Slovenian field labourer and folk singer (1858–1933)

Minca Krkovič, also known as Minca Hatova, (2 June 1858–13 April 1933) was a Slovenian field labourer and folk singer. Most of the folk songs of Kostel have been preserved through her.

== Childhood ==
She was born on 2 June 1858 into a Slovenian family in Vrh pri Fari, at a house known as "pri Liščevih". Her mother was the innkeeper and grocer Neža Lisac (1827–1894) from Vrh pri Fari, and her father was the innkeeper and grocer Jože Krkovič (1819–1894) from Selnik. She had one older and one younger sister. In his youth, her father had probably worked in Hungary, where he picked up the frequent conversational use of the Hungarian word "hat", meaning "so, then, well". Because of this he acquired the nickname "Hat", and his daughters became known as "Hatove" (Hat girls). Her parents were uneducated and unable to calculate accounts, and therefore managed the inn poorly, which led to its failure. Shortly thereafter, their grocery was robbed. They were forced to sell their house and land, move into a small hut, and support themselves through field labour on other farms. Minca did not attend school and remained illiterate throughout her life.

== Work ==
In her youth she began working as a field labourer on farms in her village, and she earned her living with that until old age. For a time she was also employed as a maid by nuns at Mary’s Home in Kočevje. In 1894 both of her parents died. Her older sister went to work as a maidservant in Brod na Kupi, where she later died. Her younger sister, also a field labourer, married, and Minca visited her often. She strongly wished to marry, for which she was often mocked by the village youth. She sang a all the time and knew hundreds of different songs. In her youth she learned many songs from elderly women in the village, and some Catholic devotional songs from the nuns for whom she worked. When she became too weak and was no longer able to work in the fields, she was placed among the municipal poor of the Municipality of Kostel, since her younger sister had moved away and could no longer care for her. Each household in the municipality was required to provide her with food and lodging for one day. People were fond of having her stay with them, as she was tidy, performed light tasks such as shelling beans, sang songs, and told fairy tales to children. She was often kept at the same house for several days at a time. She taught many children and young women to sing old songs and ballads that would otherwise have fallen into oblivion. Among the ballads preserved thanks to her is the Kostel version of the Ballad of the Revenge of the Abandoned Lover. According to the people of Kostel, all the old songs they remembered had been learned from her.
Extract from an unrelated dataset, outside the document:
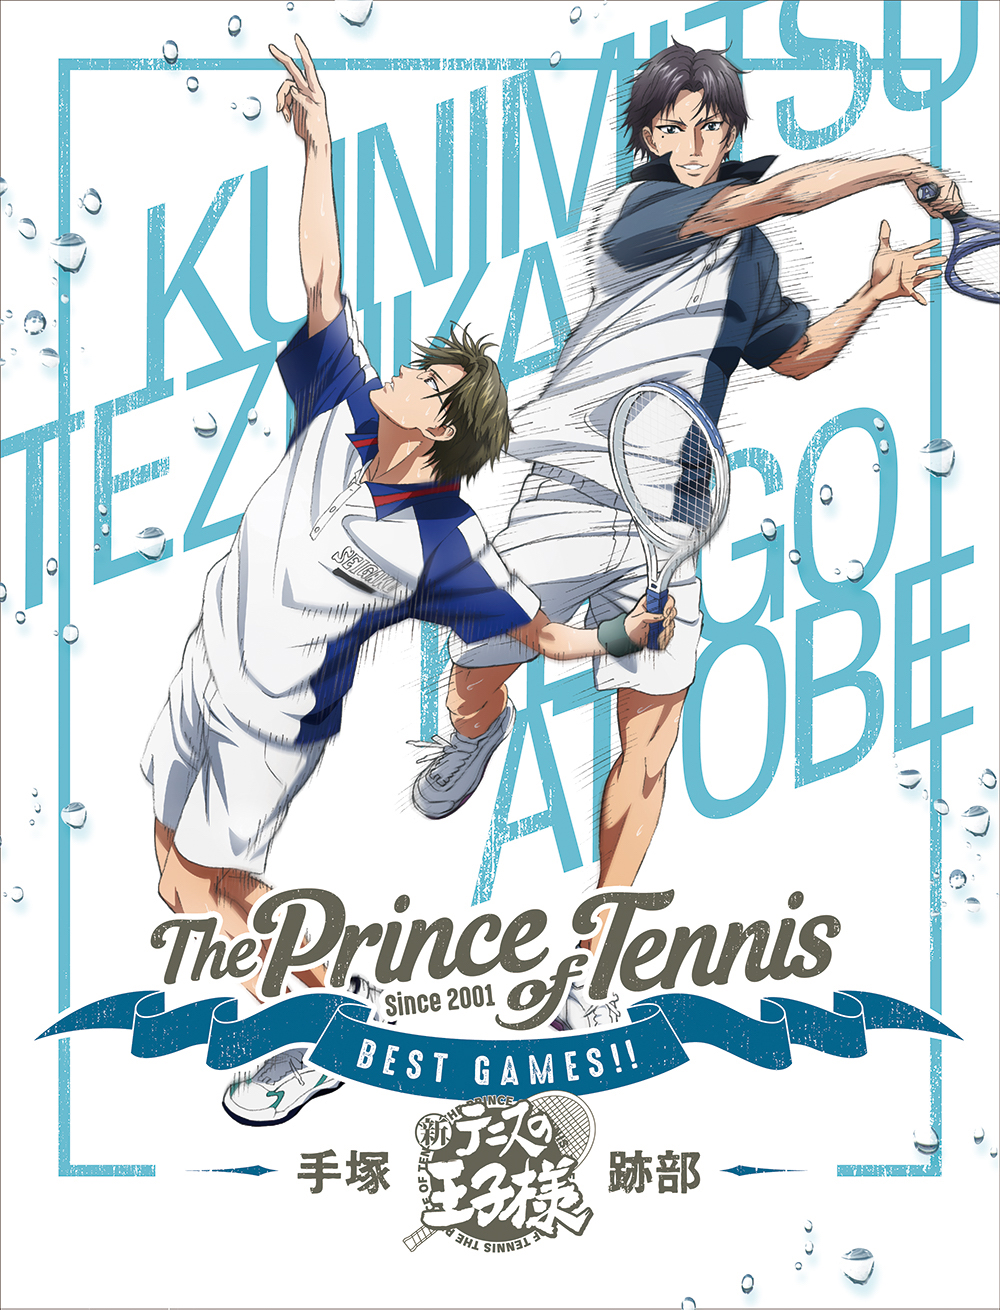 ロックバイオリニストAyasaが新作OVA「テニスの王子様 BEST GAMES!! 手塚 VS 跡部」主題曲を担当サムネイル画像!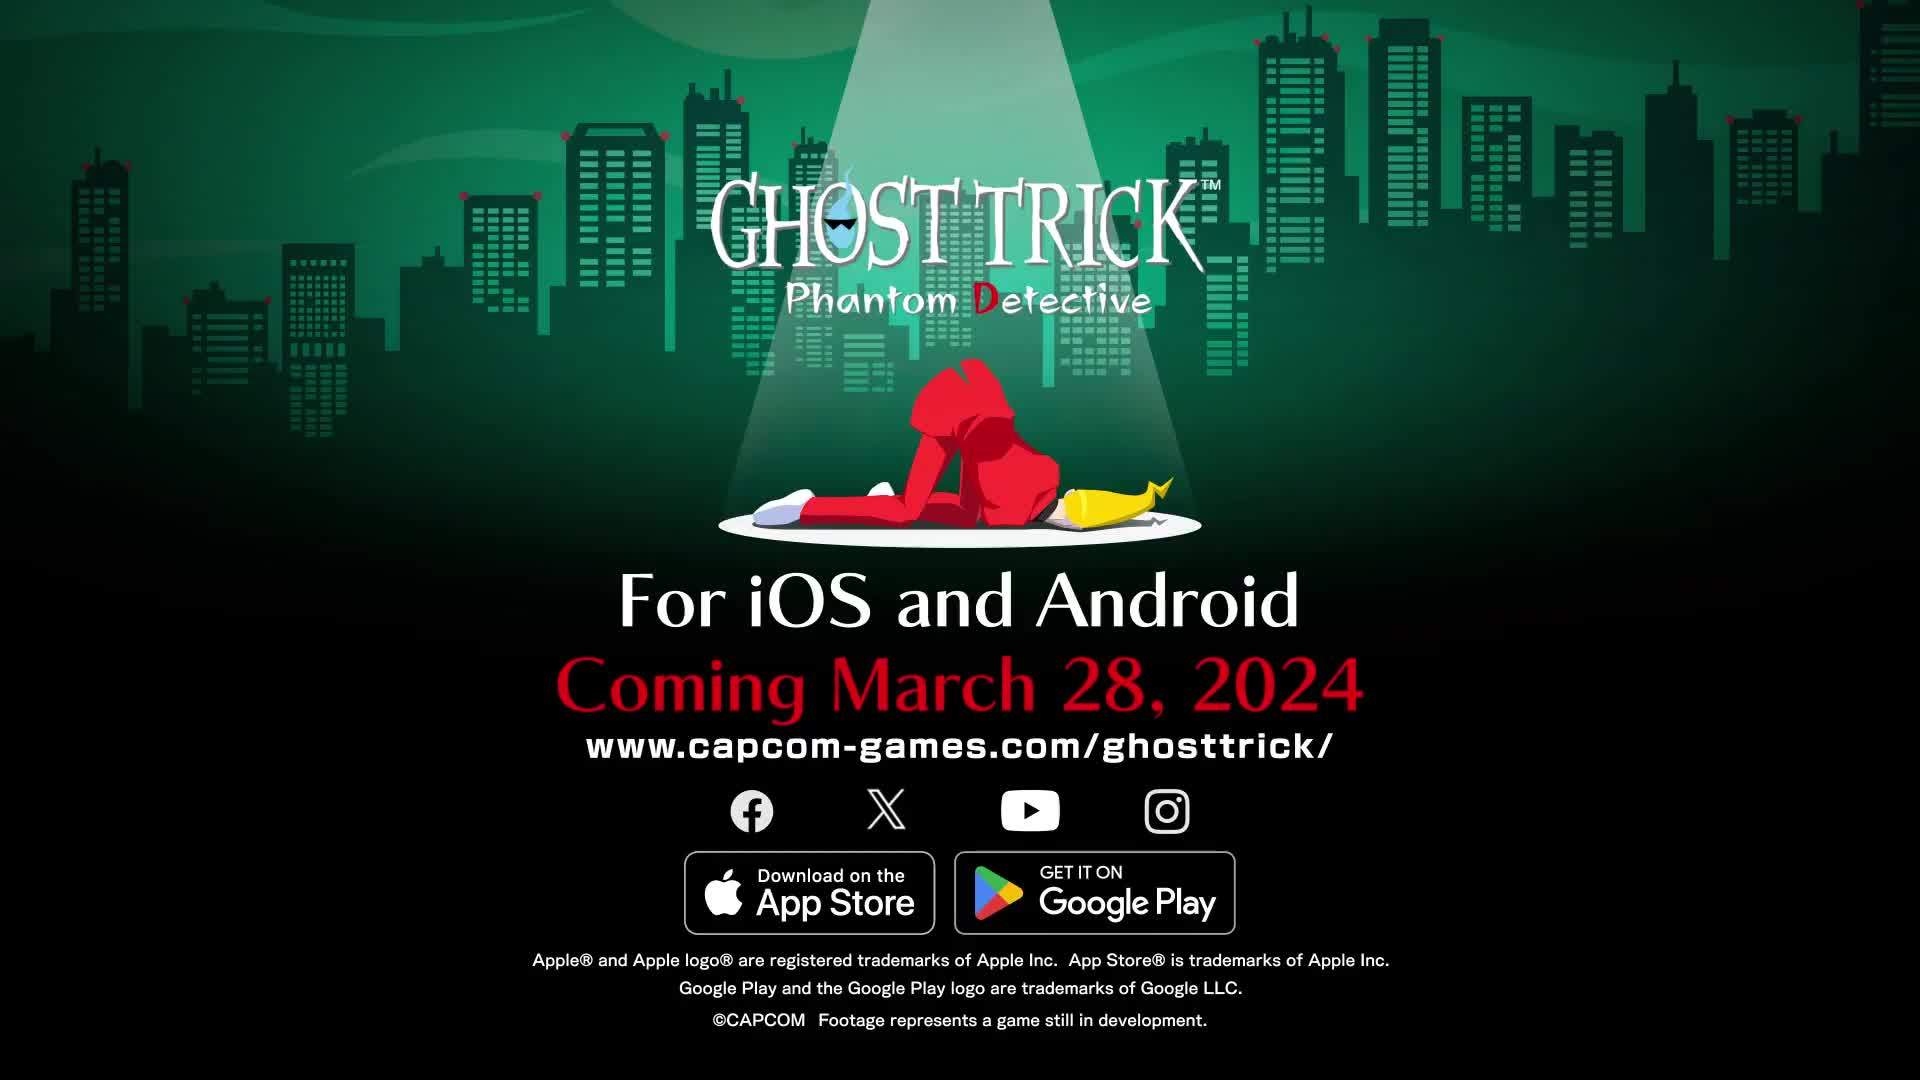 卡普空推理解谜游戏《幽灵诡计》复刻版3月28日登陆iOS及安卓平台

== Later life and death ==
In old age she became very small and frail. She never married and had no children. She died on Maundy Thursday, 13 April 1933, in the village of Hrib pri Fari. She was buried the following day, on Good Friday. Because, according to old custom, church bells fall silent during the last days of Holy Week, there was no ringing at her funeral, only the sound of wooden rattles.